To address this problem, we propose to determine the metabolite composition of melanosomes and define the role of individual transporters in melanosomal function. We will develop a purification method to rapidly isolate intact melanosomes and analyse them by liquid chromatography and mass spectrometry to compile the first catalog of melanosomal metabolites. We will subsequently characterize SLC45A2, a putative melanosomal transporter that modulates human pigmentation in response to sunlight. By comparing the metabolite profile of wild-type versus SLC45A2-deficient melanosomes, we will identify candidate SLC45A2 substrates and validate them using biochemical assays, a workflow that will be applied to other putative melanosomal transporters.

This study will present the first detailed analysis of melanosome metabolites, as well as identify key metabolites and their transporters essential for melanogenesis. This work could inform new ways to modulate pigmentation and treat pigmentation pathologies.

Beneficiary: Merete Hædersdal, Bispebjerg Hospital

Grant: 2.358.825 DKK

Squamous cell carcinoma (SCC) together with basal cell carcinoma comprises the absolute majority of non-melanoma skin cancers, affecting 150,000 persons in Denmark, equivalent to 3% of the population.
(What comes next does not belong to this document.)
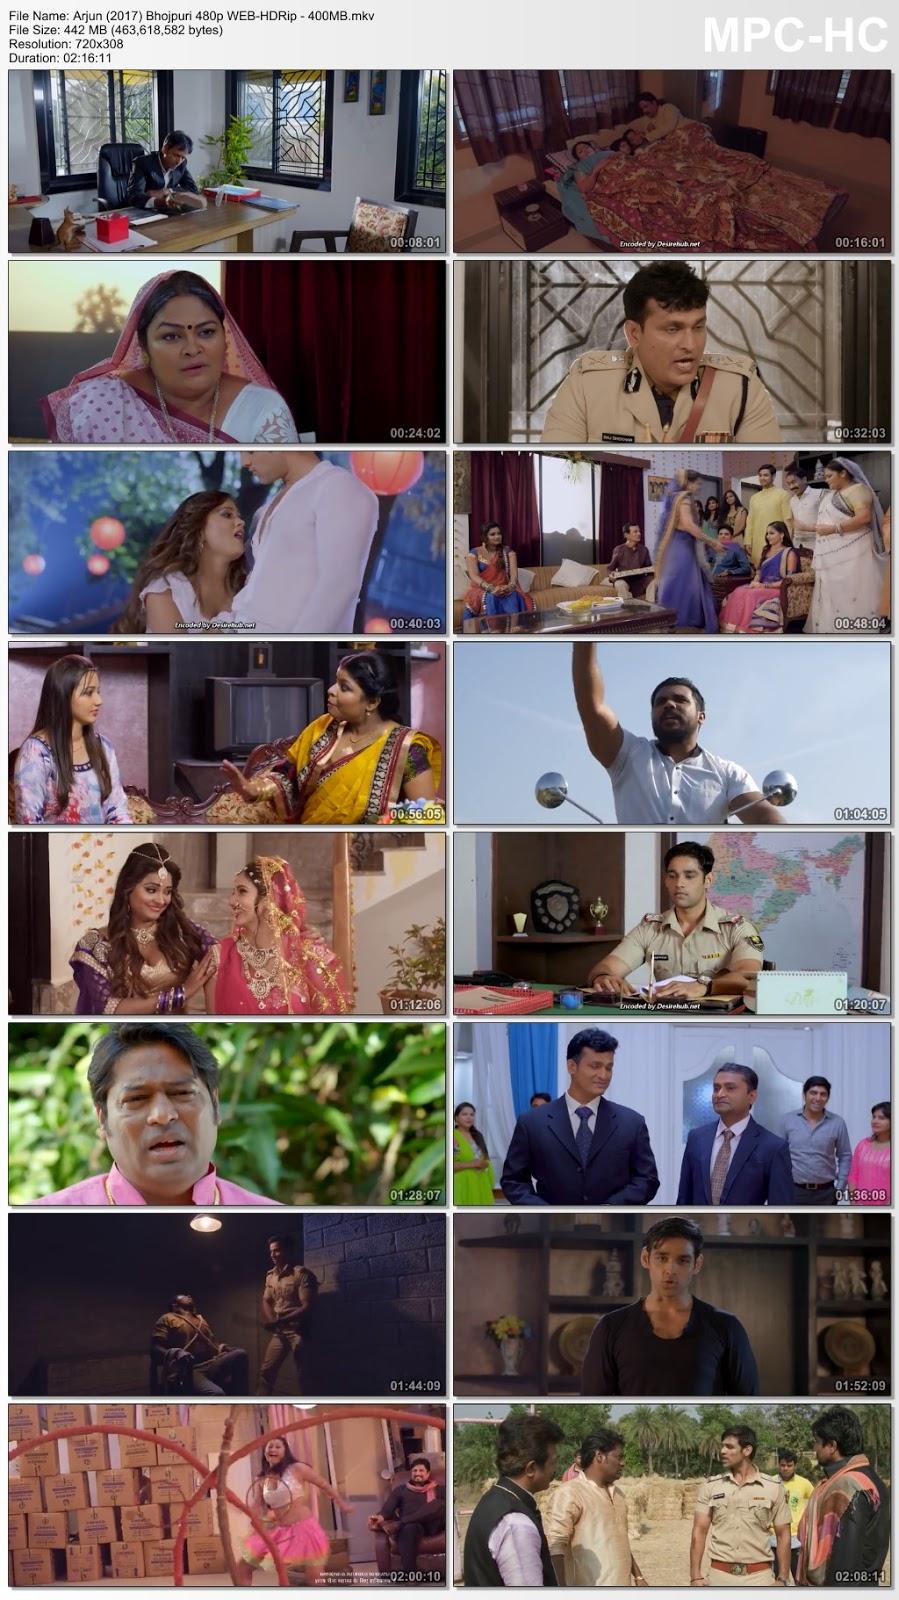 Arjun (2017) Bhojpuri 480p WEB-HDRip – 400MB Desirehub

SCC’s cost is consequently substantial, reflected by notable patient morbidity, heavy socioeconomic burdens and significant mortality in immunosuppressed populations.

In oncology, systemic immunotherapies with PD1 and CTLA4 antibodies have had revolutionizing impact on clinical cancer treatment. Recognizing the immense potential of these strategies also for SCC, our vision is to pioneer a new local treatment approach by harnessing the immune system to combat SCC, while at the same time avoiding side effects associated with systemic treatment.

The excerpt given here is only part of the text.